To summarize, the length of the delay weighs in favor of the Defendant. Moreover, while there is no evidence to suggest that the Government acted in bad faith or for unfair tactical advantage, the United States undoubtedly had the ability to formally arrest and arraign Falcon on the charges contained in this indictment. Nevertheless, the Defendant’s knowing failure to invoke his speedy trial rights, coupled with the absence of prejudice from the delay, weighs substantially against dismissal of the prosecution. Under these facts and circumstances, Falcon has failed to establish that permitting this case to proceed to trial will violate the Sixth Amendment.

In support of a different conclusion, the Defendant places a great deal of emphasis on a decision from another court in this district. In United States v. Donohue, 1994 WL 904692, 1994 U.S.Dist. LEXIS 20036 (Dec. 7, 1994), the court adopted the Magistrate Judge’s report and recommendation and dismissed an indictment on speedy trial grounds. At the outset, we reiterate that our analysis of the Barker factors is highly fact-dependent, and must be done on a case-by-case basis. That being said, Donohue is distinguishable on the merits. In that case, the Magistrate Judge found that the Government was negligent in failing to locate and arrest the defendant during the 44 months after his indictment, even though it could have done so with ease. Of paramount importance, however, the Magistrate Judge also found that, although the defendant did not assert his speedy trial rights, he did not know about the outstanding charges against him. In the case at bar, Falcon unquestionably knew about the pendency of the gun charges, but made a tactical decision to acquiesce in the Government’s decision to hold them in abeyance. Thus, Donohue does not require dismissal of the May 12, 1988 indictment.

It is therefore

ORDERED AND ADJUDGED that the Defendant’s Motion to Dismiss is DENIED.

DONE AND ORDERED.

. Falcon was convicted of drug trafficking before the Dade Circuit Court in December, 1979 after he entered a plea of nolo contendere. He was ordered to report to begin service of a 14-month term of imprisonment in early 1988, but failed to appear. The California drug trafficking charges were initiated in 1985, but Falcon failed to appear for a probable cause hearing in the Los Angeles County Superior Court. See Gov’t. Resp. to Def.Mot. for Revocation of Pretrial Detention Order, March 25, 1996, at ¶¶ 1-4.

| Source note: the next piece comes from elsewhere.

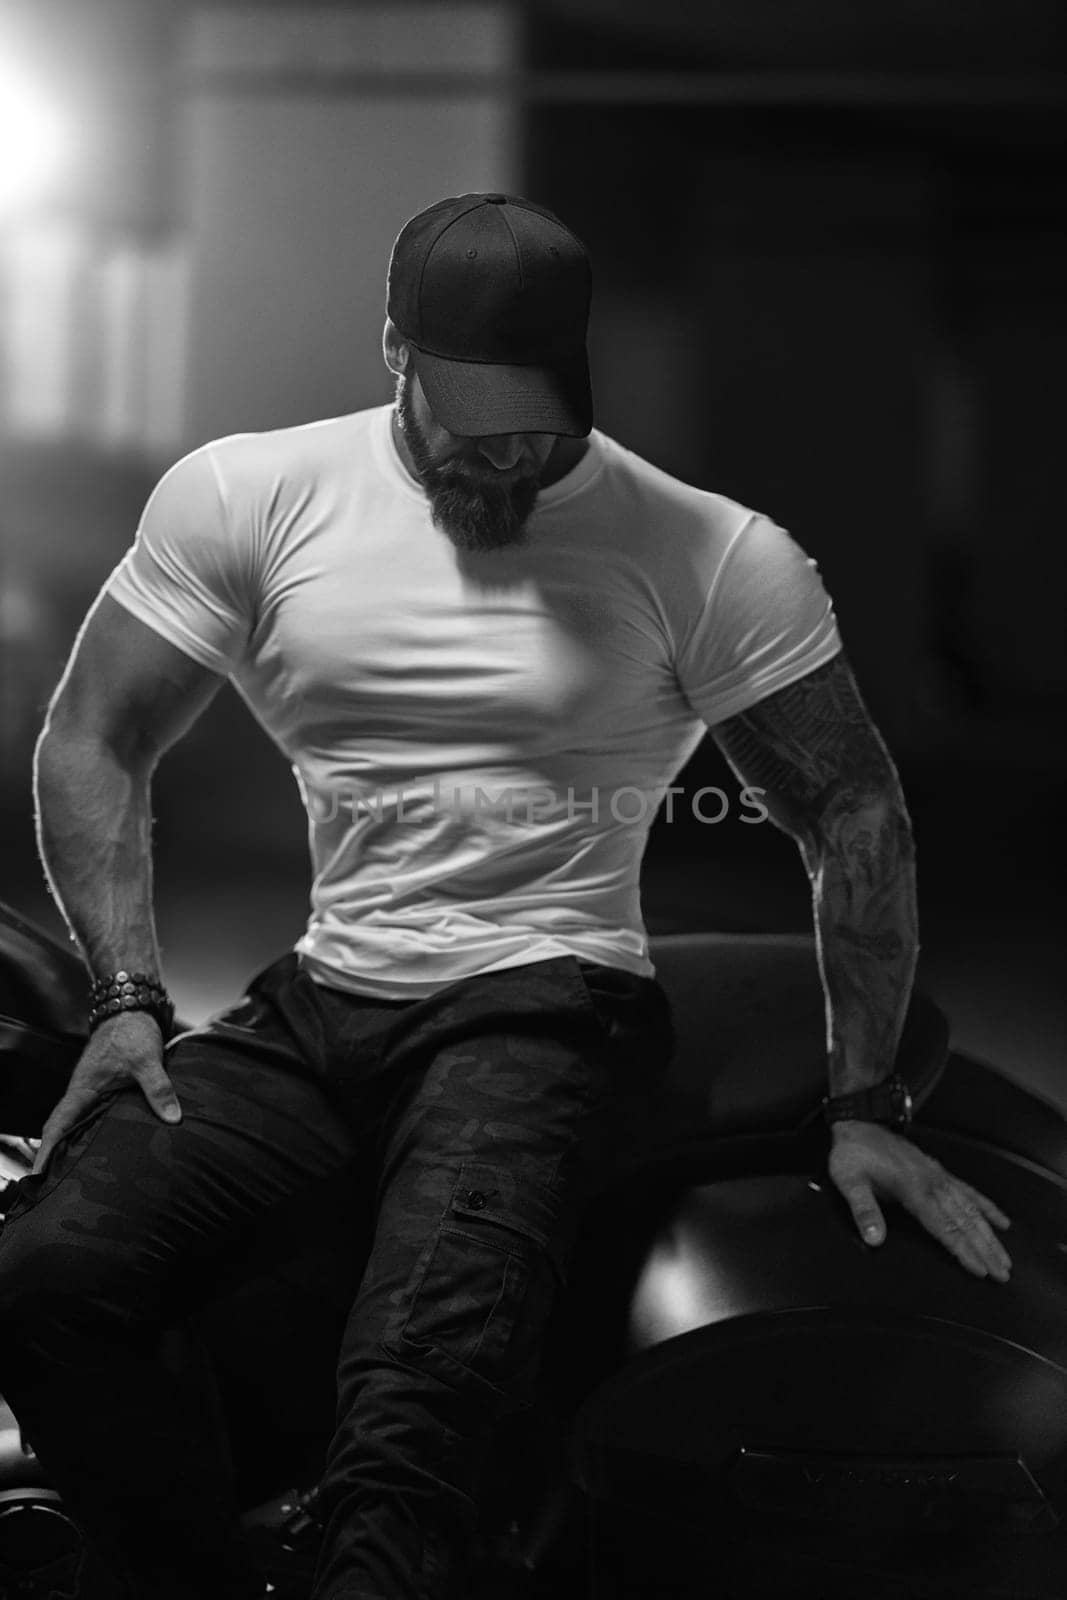 Sexy handsome attractive sporty muscular fitness model breaded biker in black cap and white tight tshirt sits on brutal beautiful motorcycle in the parking, black and white photo

. On April 16, 1996, the Government moved to dismiss this indictment. See Defendant's Second Supplemental Memorandum in Support of Admission to Bail, April 18, 1996.

. The Defendant's argument is premised on constitutional grounds, rather than the provisions of the Speedy Trial Act, 18 U.S.C. § 3161.

. In Bonner v. City of Prichard, 661 F.2d 1206, 1209 (11th Cir.1981) (en banc), the Eleventh Circuit adopted as binding precedent all decisions of the former Fifth Circuit handed down prior to October 1, 1981.

. At oral argument, Defendant's counsel referred to a letter sent to him by one of the Government’s counsel that referred to a statement given by Edwards before his death. When questioned about this statement, however, counsel for the Government explained that the purpose of the letter was to put the Defendant on notice that the United States might attempt to introduce Edwards' statement under the catch-all exception to *1517the hearsay rule. See Fed.R.Evid. 803(24). Defendants’ counsel stated that he will contest the admission of this statement.

. When questioned at oral argument, counsel for the Government explained that, due to Edwards' absence, it will seek to admit the ATF forms as “business records” that were within the custody and control of the Bureau, even though they were kept in the gun shop. Counsel added that it will attempt to admit the Dade County forms as business records authenticated by Edwards' son and a County official.